Methods: Local registry of women with TD-haemoglobinopathy who had a pregnancy ≥20 weeks between 1991-2023 was reviewed. Maternal and fetal outcomes were extracted from electronic medical records (1991-2023); and available pregnancy outcomes reported (after 2001).
Results: Overall, 22 pregnancies were analysed from 16 women (1991-2003). Twelve pregnancies (54.5%) required assisted reproduction. All pregnancies resulted in live births with a total of 23 babies. There were two multiple pregnancies – one set of twins and one woman with quadruplets from ovarian stimulation; fetal reduction led to twins with subsequent single intrauterine demise.
Of these pregnancies, 20/22 (90.9%) were carried by women with TD-thalassaemia and two with TD-sickle cell disease (9.1%). One woman had non-TD beta-thalassaemia who became TD post-pregnancy. All women required blood transfusions during pregnancy.
Pregnancy outcomes were available for 16 pregnancies (11 women, two multiple pregnancies, 17 live births). Pre-existing comorbidities included: hypopituitarism (4/16; 25%), cardiovascular disease (3/16; 18.8%), kidney disease (2/16, 12.5%) and diabetes (2/16, 12.5%). Pregnancy complications included: gestational diabetes (4/16, 25%), preeclampsia (2/16, 12.5%), gestational hypertension (1/16, 6.3%), and postpartum haemorrhage (6/15, 40%).
Of the live births within this cohort, 12/17 (70.6%) were born via caesarean and five vaginally (29.4%). Seven babies were born preterm (41.2%) with 5/15 (33.3%) requiring special/neonatal intensive care. Five babies (29.4%) weighed <2500 grams (median 2875, IQR 2100-3080).

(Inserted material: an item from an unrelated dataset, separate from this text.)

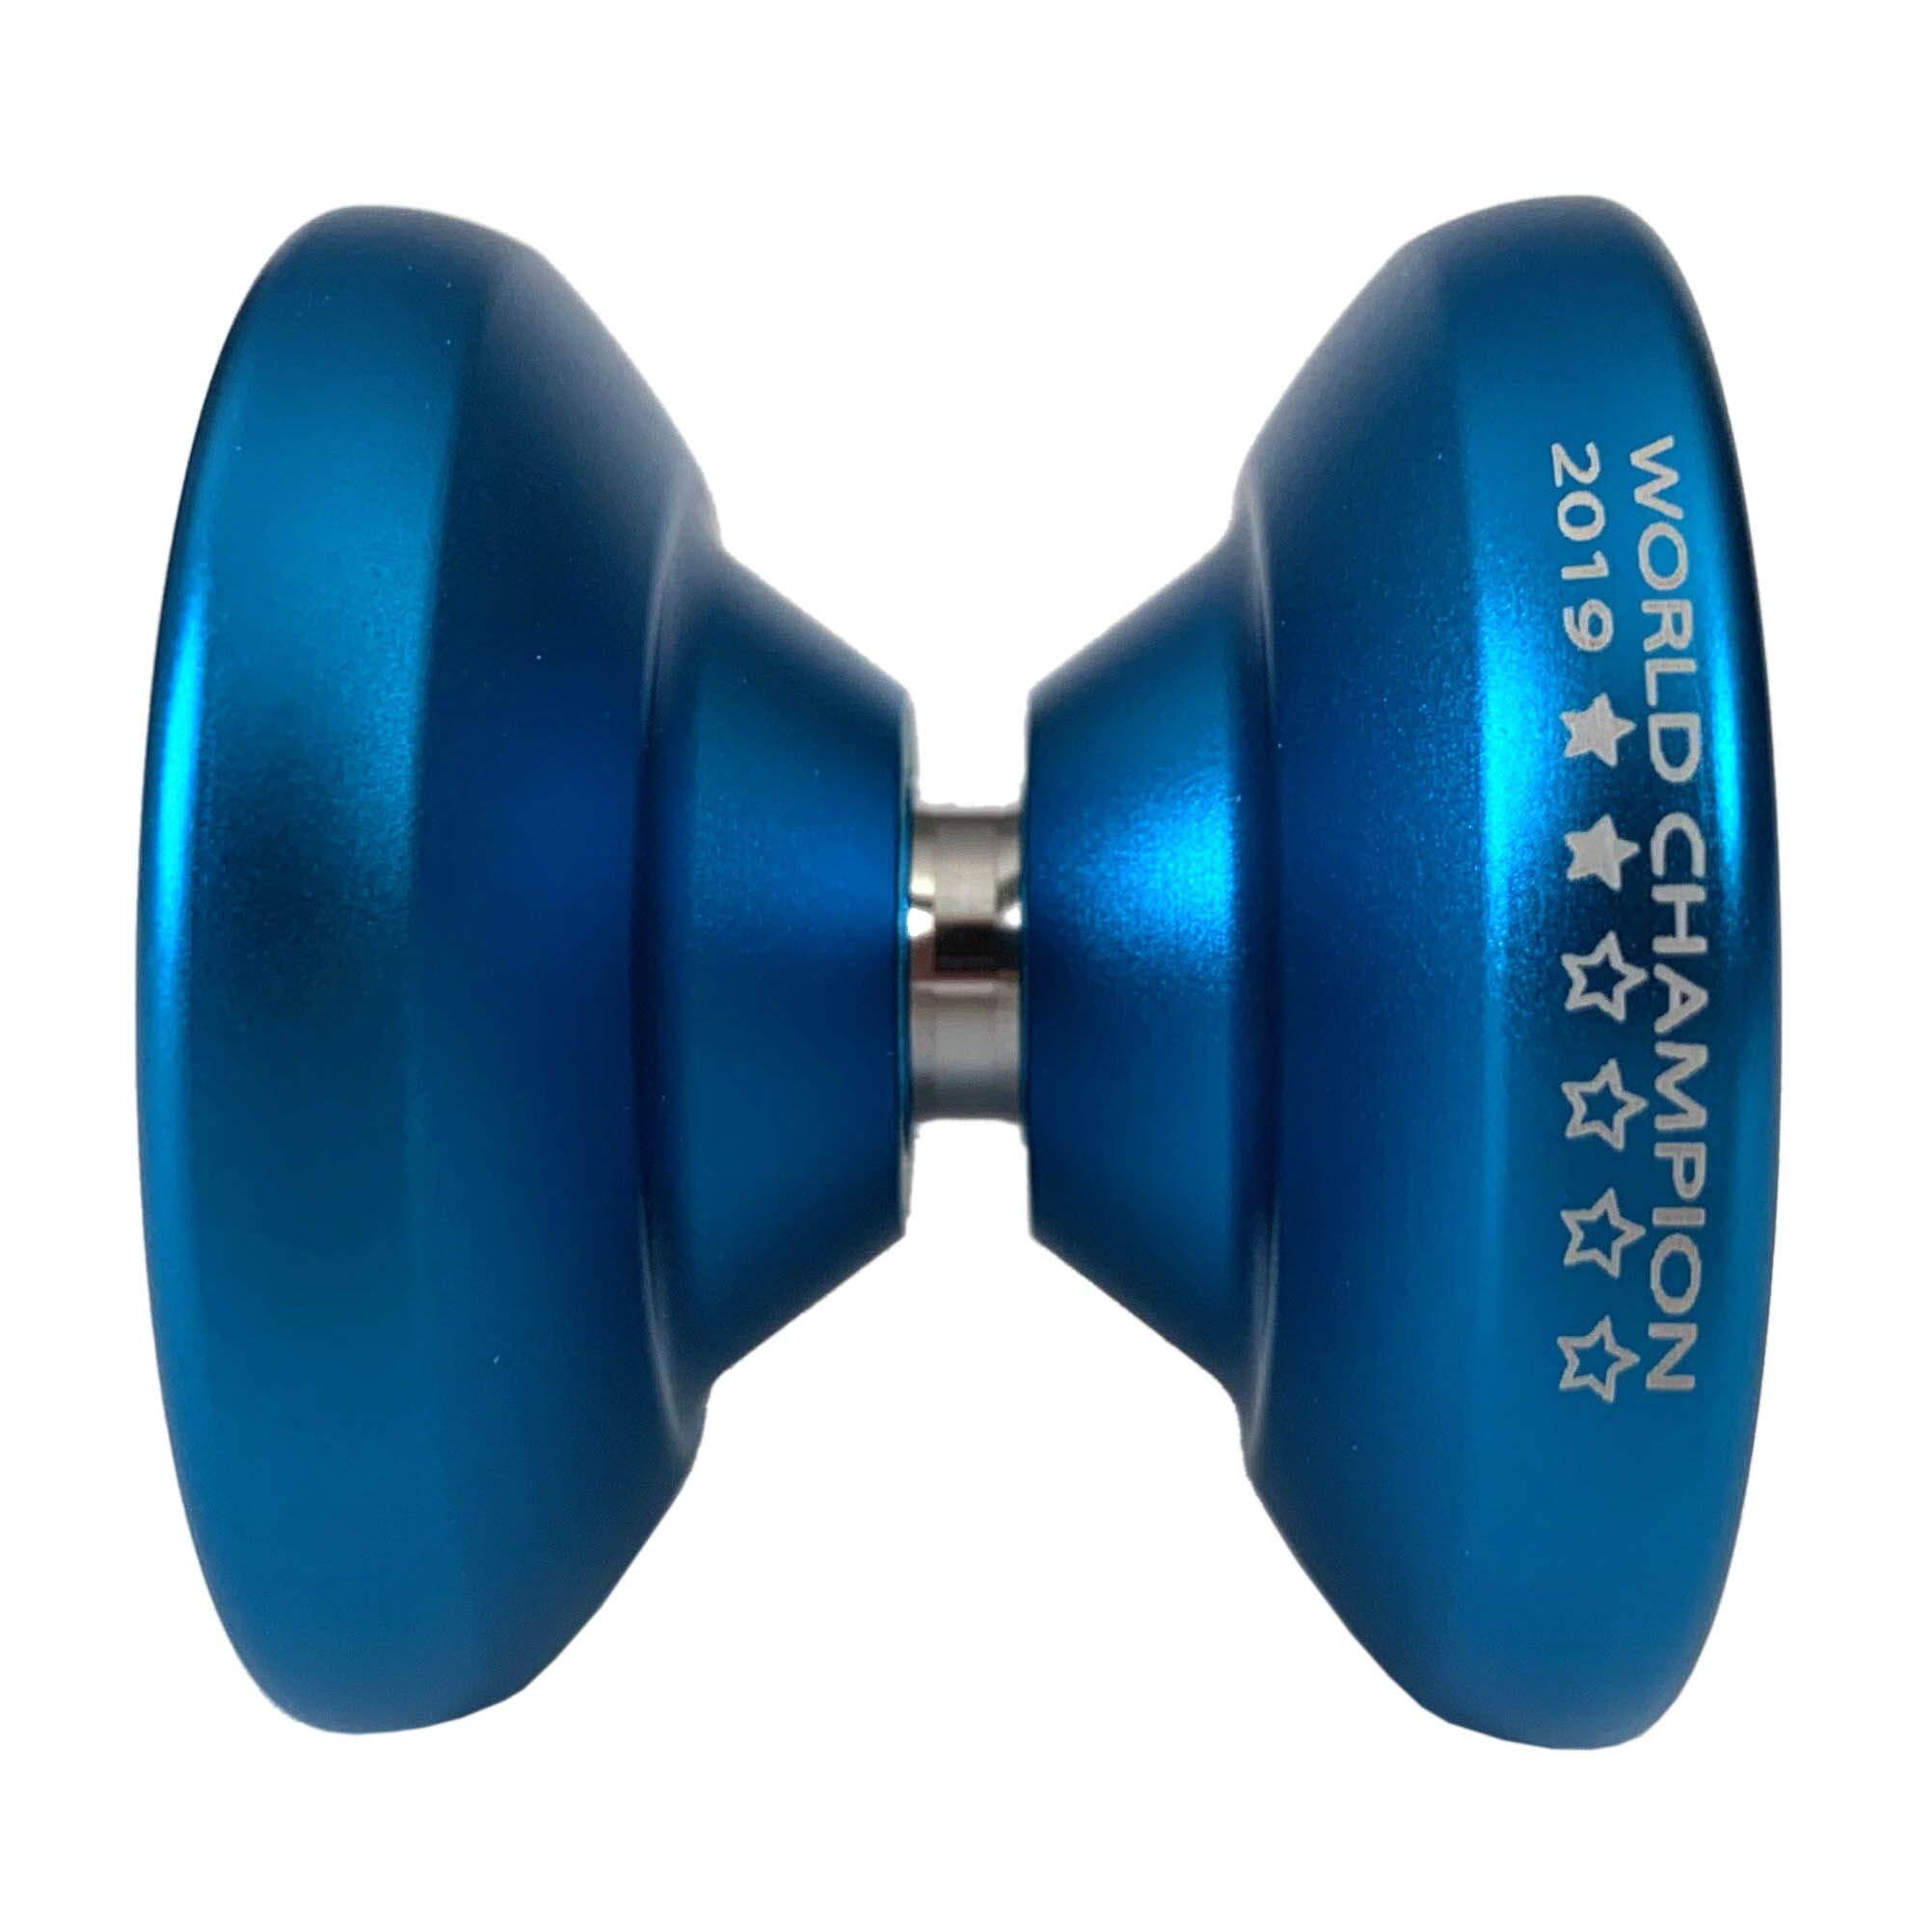 YoYoFactory World Champion Shutter Wide Angle Yoyo Color Aqua Collectible by YoYoFactory

Conclusions: While acknowledging significant risks of pregnancy complications and preterm births, all pregnancies ≥20 weeks in women with TD-haemoglobinopathy resulted in live births. This highlights the need for ongoing collaborative research to guide evidence-based care in this cohort.
Keywords
haemoglobinopathy, pregnancy, thalassaemia
References
1) Vitrano A, Calvaruso G, Lai E, Colletta G, Quota A, Gerardi C, et al. The era of comparable life expectancy between thalassaemia major and intermedia: Is it time to revisit the major-intermedia dichotomy? Br J Haematol. 2017 Jan;176(1):124-130. doi: 10.1111/bjh.14381.

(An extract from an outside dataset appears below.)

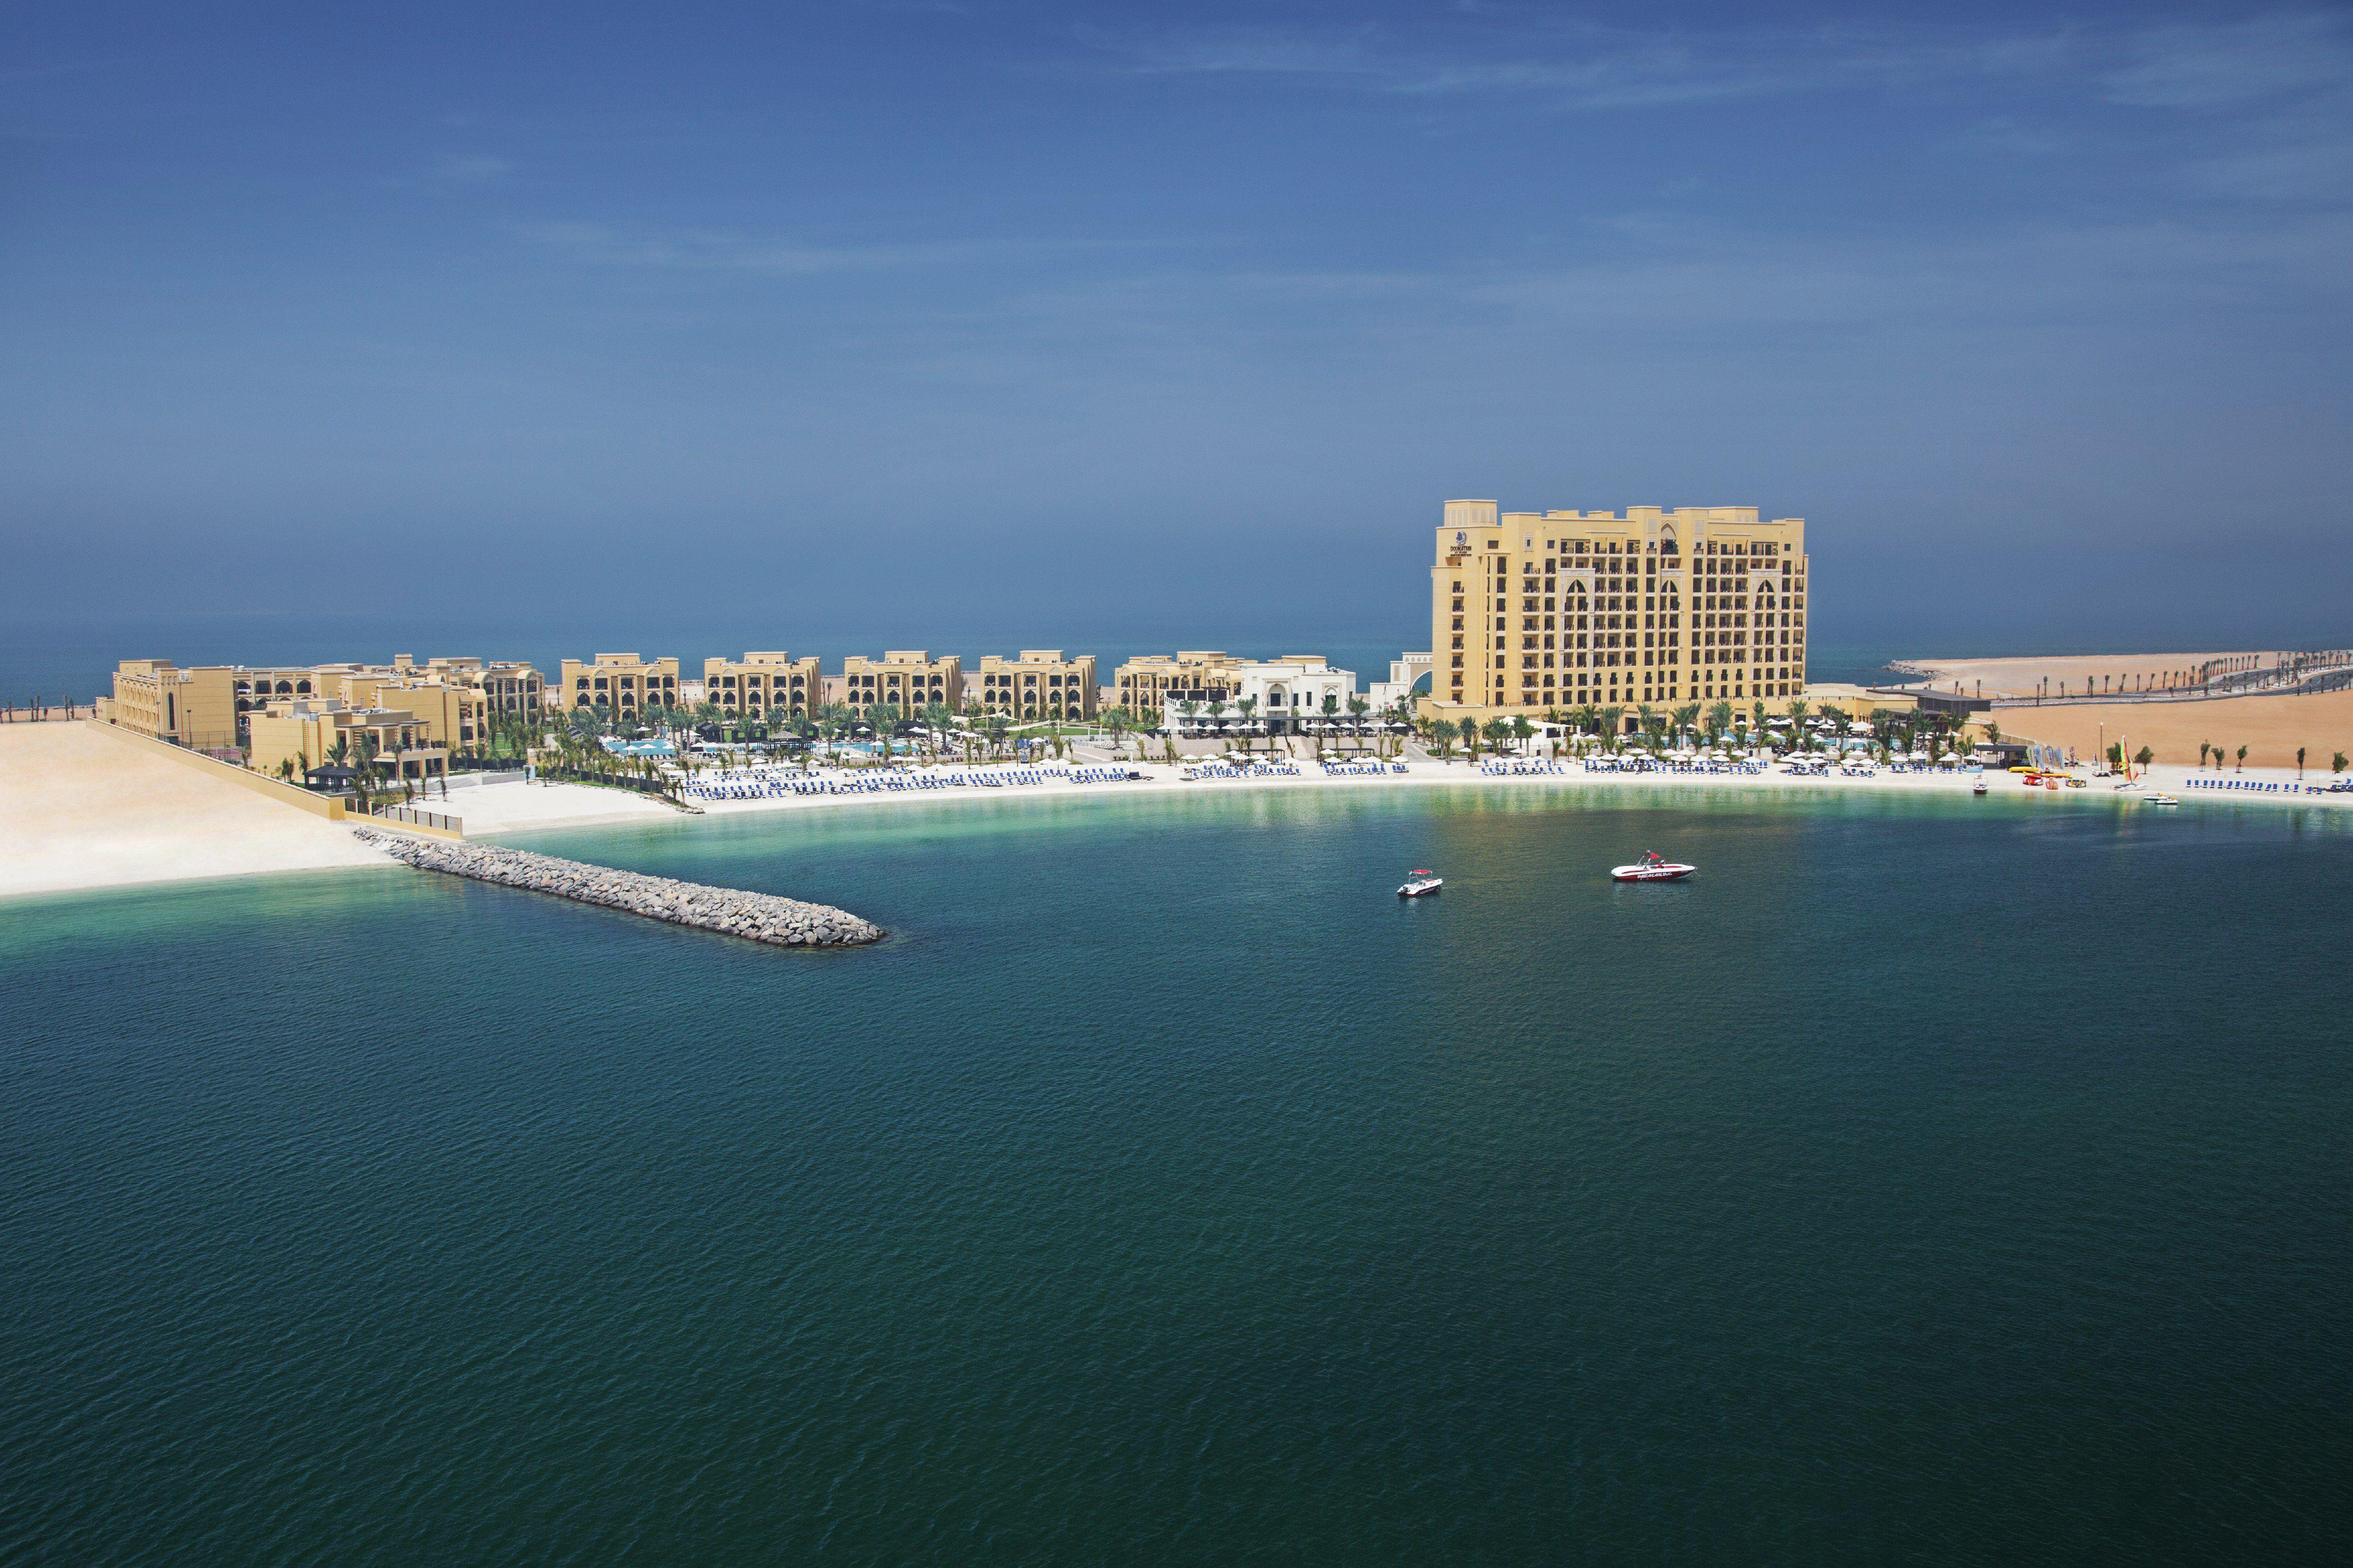 Pin by PropertyTrader on Dubai   Resort spa, Ras al khaimah

2) Anderson S, Perram J, Nelson A, Matthews S, Gou M, Ho PJ. Pregnancy and assisted reproductive technology use in Australian female transfusion-dependent haemoglobinopathy patients: a 20-year retrospective analysis. Intern Med J. 2024;54(2):290-294. doi: 10.1111/imj.16169.
3) Cassinerio E, Baldini IM, Alameddine RS, Marcon A, Borroni R, Ossola W, et al. Pregnancy in patients with thalassemia major: a cohort study and conclusions for an adequate care management approach. Ann Hematol. 2017;96(6):1015-1021. doi: 10.1007/s00277-017-2979-9.